Problem : Assume that $X$ is an interior point in
the parallelepiped $P=A_1A_2A_3A_4$-$A_5A_6A_7A_8 $ in $\mathbb{R}^3$
Prove that the minimum distance from $X$ to vertices is strictly smaller
than maximum length of edges in $P$.
Proof : (a) Consider a triangle $\Delta XAB, \ A=A_1,\
B=A_2$ with side lengths $$x=|XA|,\ y=|XB|,\ z=|AB|$$ and $\theta =
\angle \ AXB$. Assume that
$$ x \geq y \geq z
$$
Then prove that $$ \theta \leq \frac{\pi}{3}$$
Proof : By 2nd Cosine Law, we have $$
x^2+y^2-2xy\cos\ \theta = z^2 $$
If $\theta > \frac{\pi}{3}$, then $\cos\ \theta <\frac{1}{2}$ so
that $$\frac{ x^2+y^2-z^2}{2xy} =\cos\ \theta < \frac{1}{2} $$
which is a contradiction.
(b) If there is $\theta$ with $\theta >
\frac{\pi}{3}$, then $z>y$. Hence we complete the proof.
We will assume that $$ \angle A_iXA_j \leq
\frac{\pi}{3}$$ for all edges $[A_iA_j]$ in $P$.
We define $$ a_i = \frac{A_i-X}{|A_i-X|} \in \mathbb{S}^2$$
Hence if $|\ast - \ast |$ is a distance function on
$\mathbb{S}^2$, then $|a_i-a_j| \leq \frac{\pi}{3}$ where $[A_iA_j]$
is an edge.
If $A_1,\ A_7$ are in diagonal position, then $$|a_1-a_7| \leq
|a_1-a_2| + |a_2-a_6|+|a_6-a_7| \leq \pi $$
If $M$ is a mid point between $a_1$ and $a_7$ (We have at least one
$M$), then we consider an open hemisphere $H$ s.t. $\partial H$ is a
great circle $M^\perp$
and $H$ contains $a_1,\ a_7$.
In $\mathbb{S}^2$, we consider a broken geodesic for example $\alpha
= [a_1a_4]\cup [a_4a_8] \cup [a_8a_7]$ whose length is $\leq \pi$.

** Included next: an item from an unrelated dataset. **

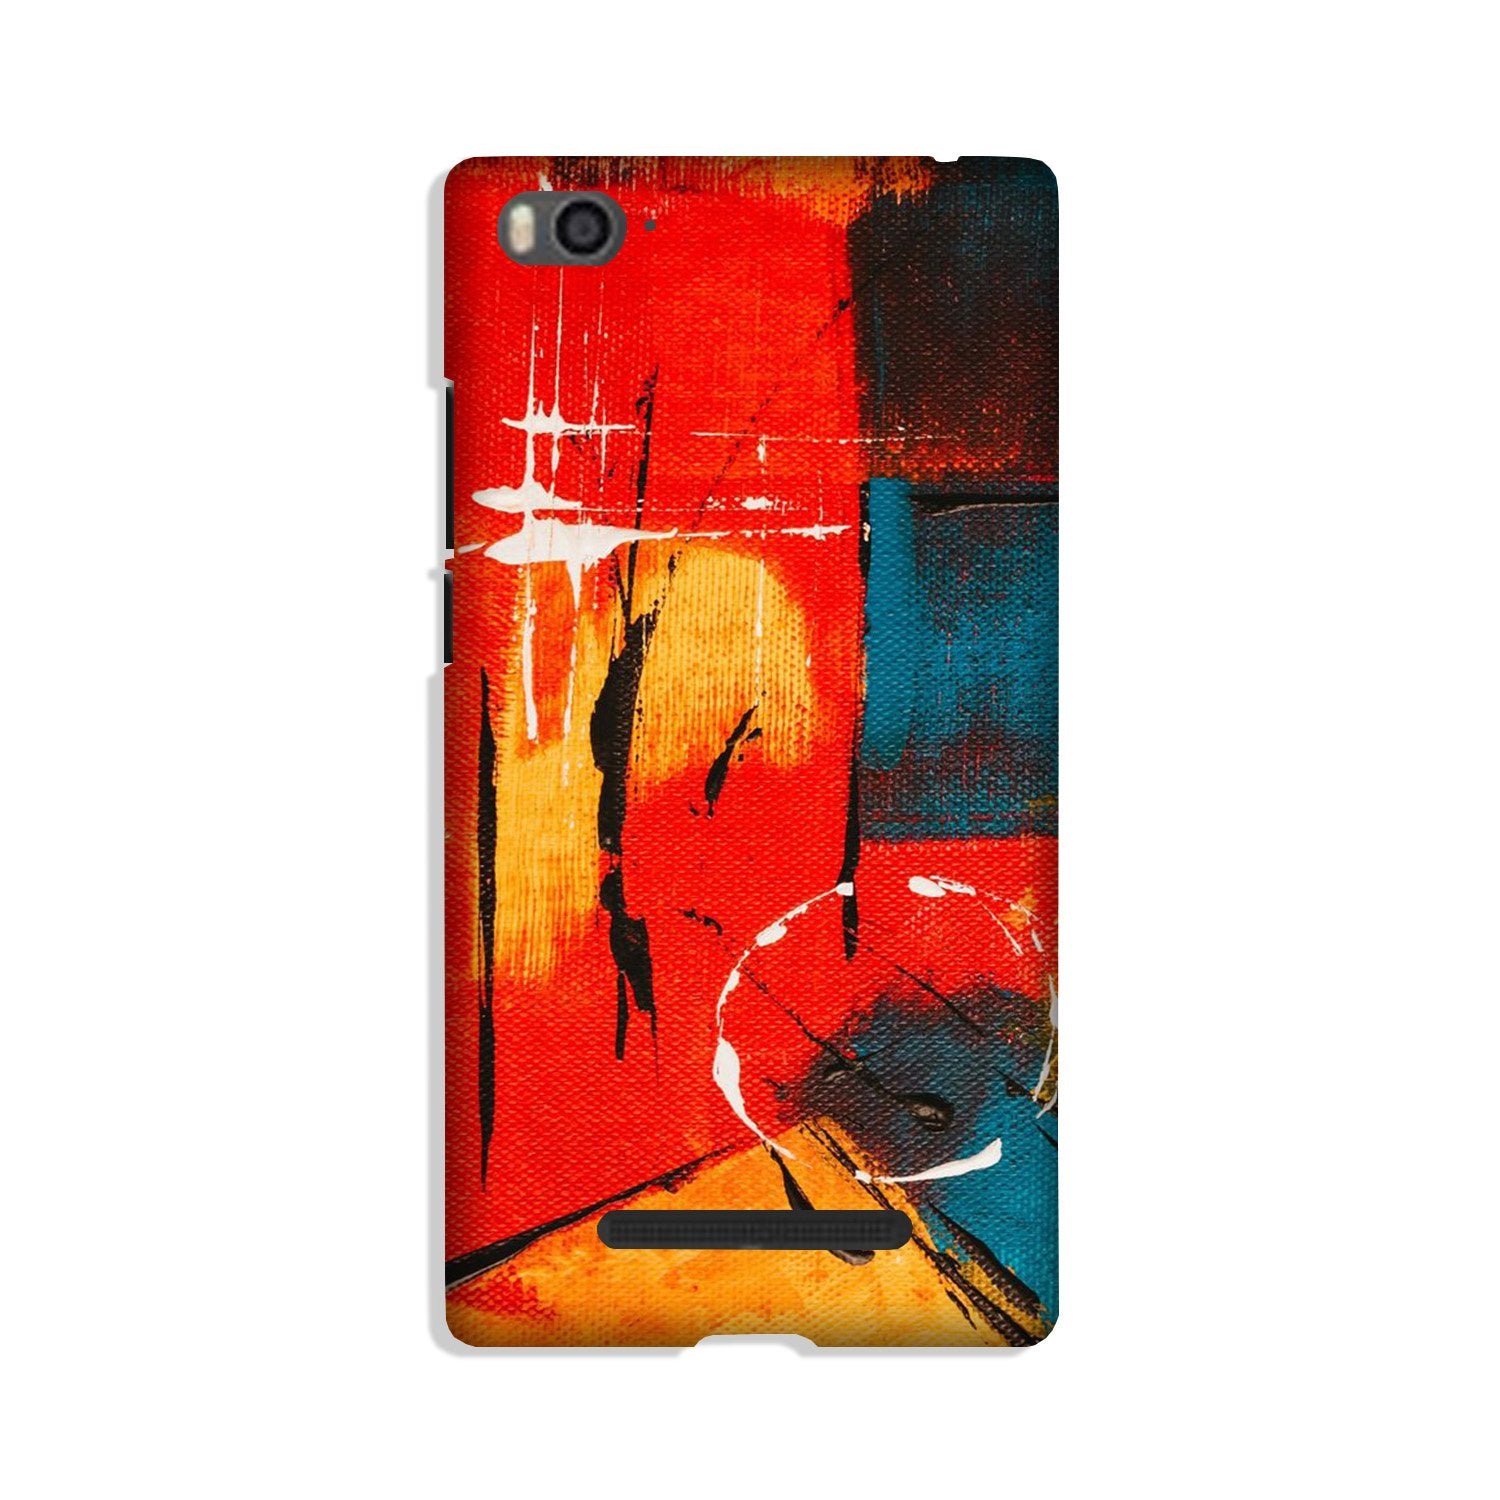 Modern Art Case for Xiaomi Mi 4i (Design No. 239)
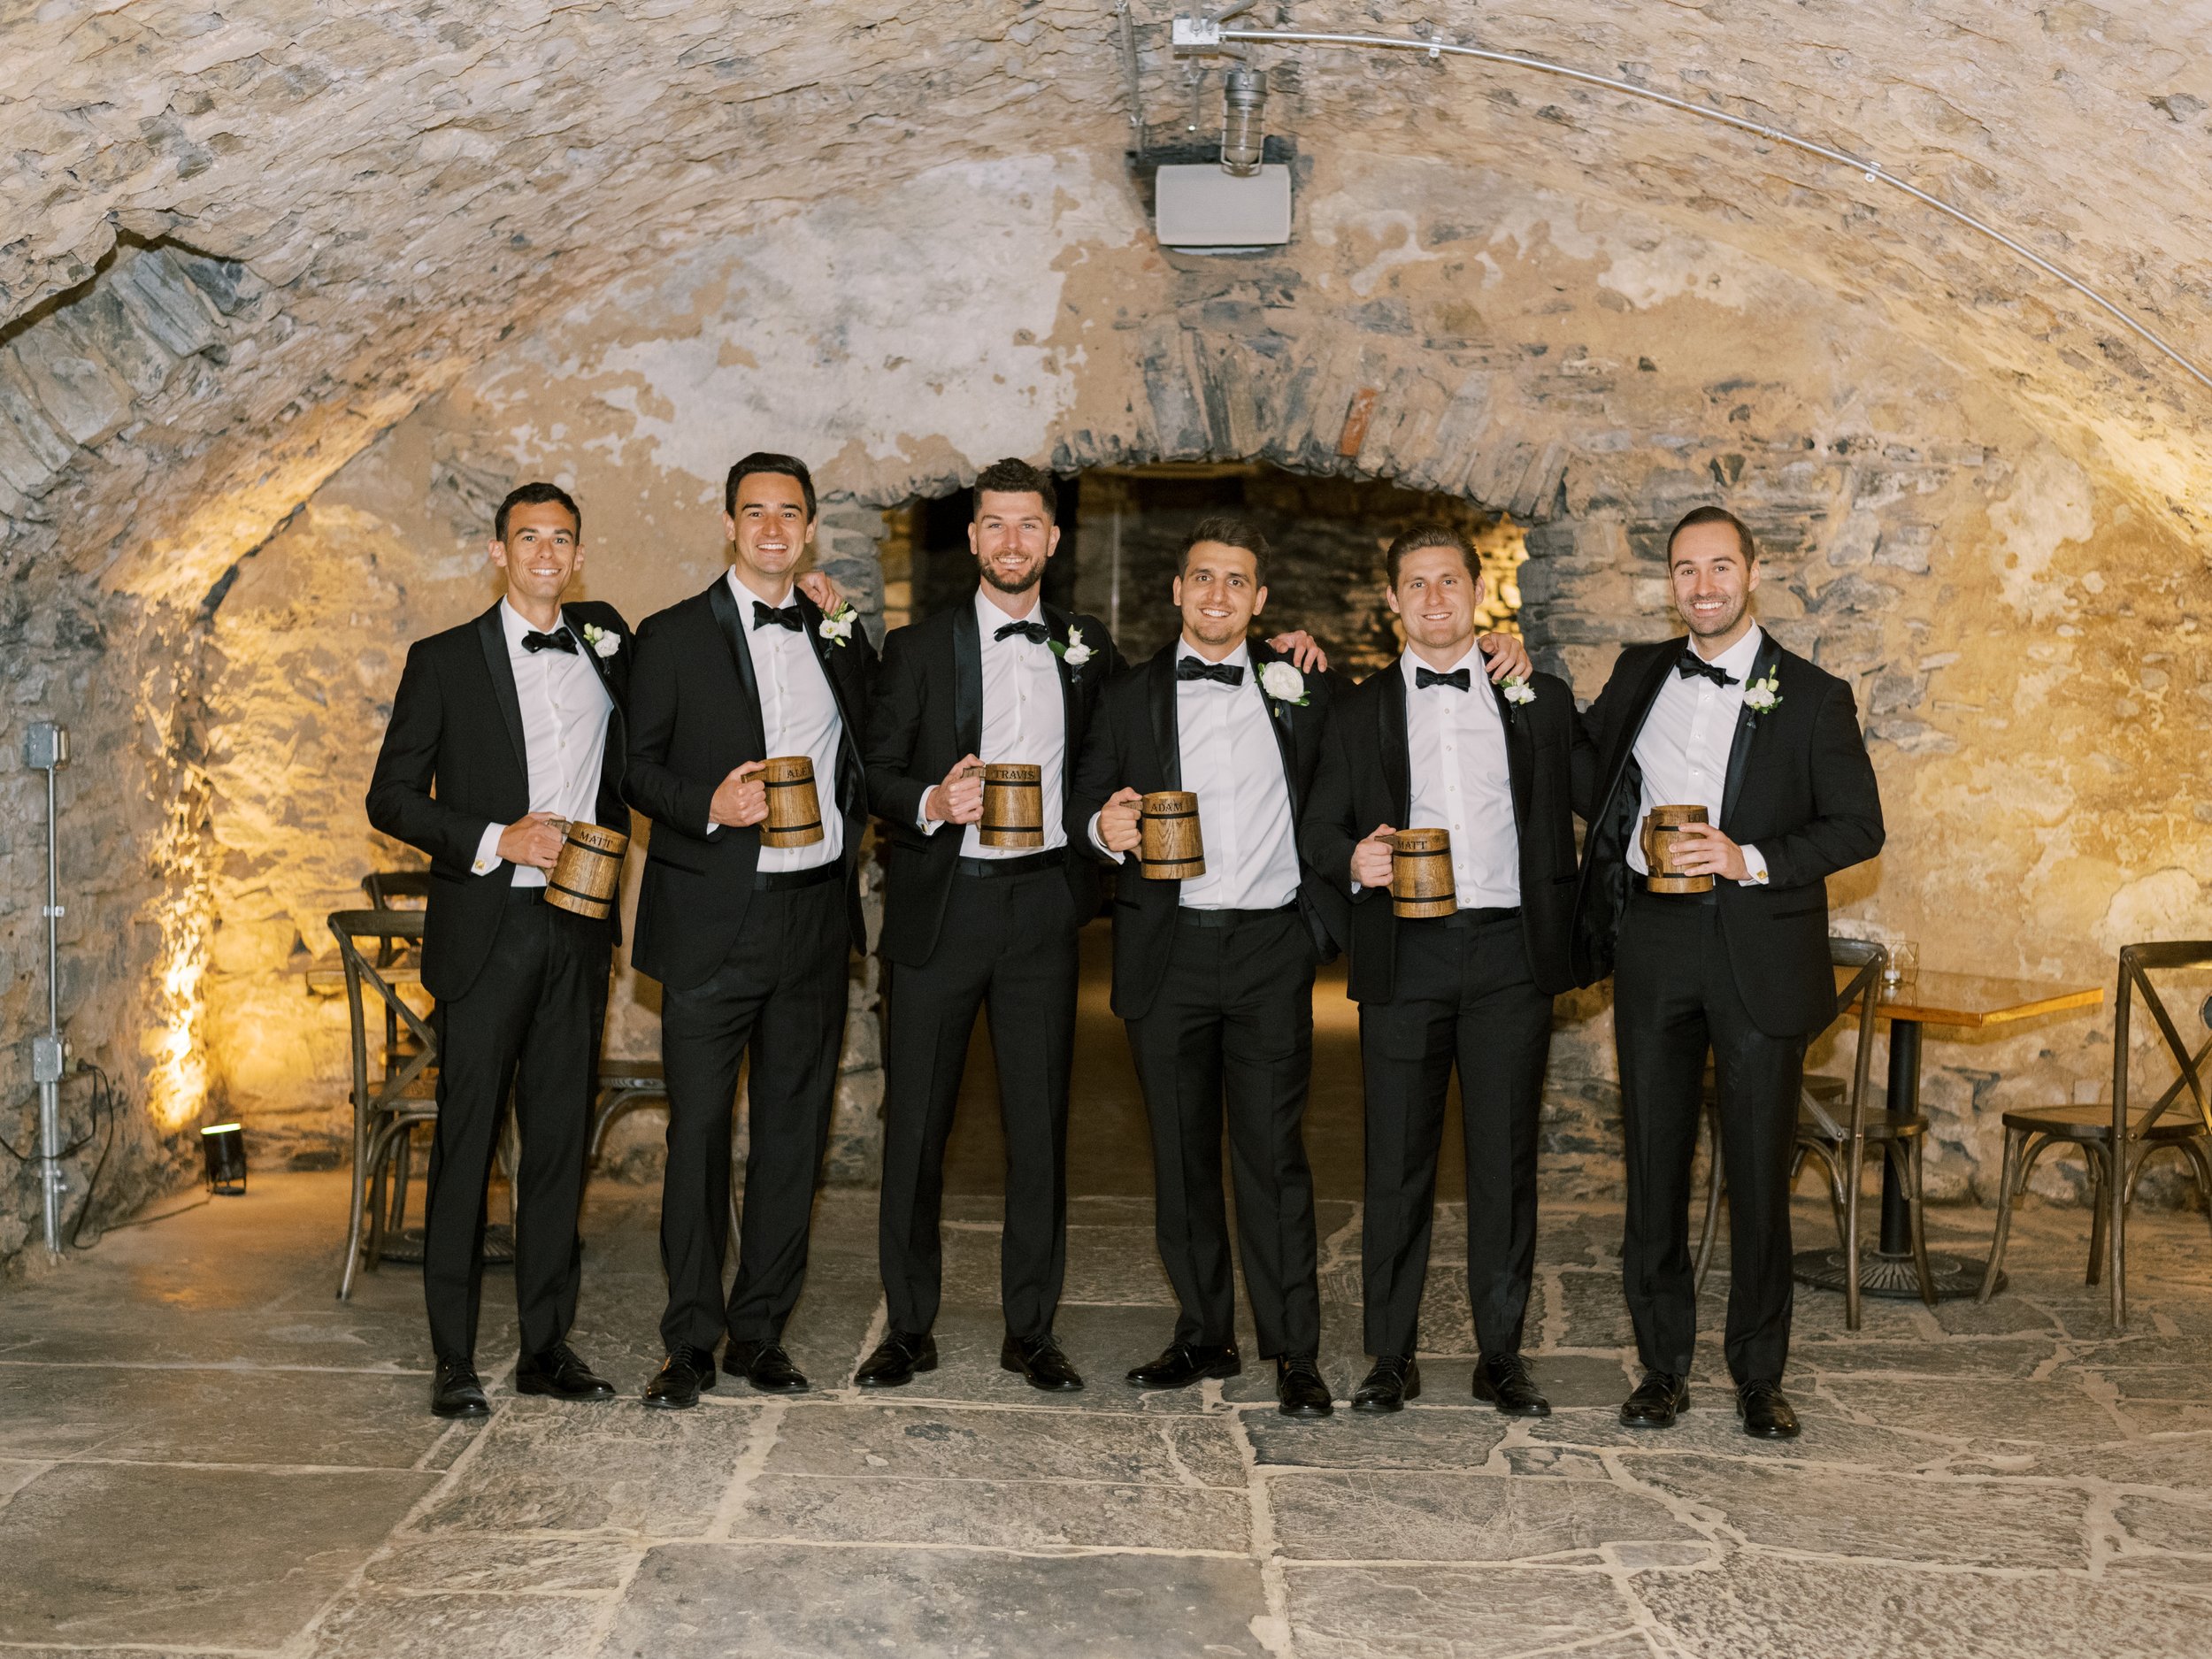 Groom and groomsmen holding beer mugs in catacombs of Excelsior wedding venue

If $\alpha'$ is $\pi$-rotation-image of $\alpha$ wrt $M$, then
$\alpha\cup\alpha'$ is a loop of length $\leq 2\pi$.
If this loop
escapes the closed hemisphere $\overline{H}$, then it intersects
$\partial H$ at some point $h$. Clearly, if $h'$ is
$\pi$-rotation-image of $h$ wrt $M$, then the loop contains both
points $h,\ h'$, which implies that this loop is in the great arc
between $h,\ h'$.
Hence points $a_4,\ a_8$ are also in the
hemisphere $\overline{H}$. In the long run all points $a_i$ are in
the hemisphere $\overline{H}$. Note that this is possible only when
$X$ is not an interior point. Hence we complete the proof.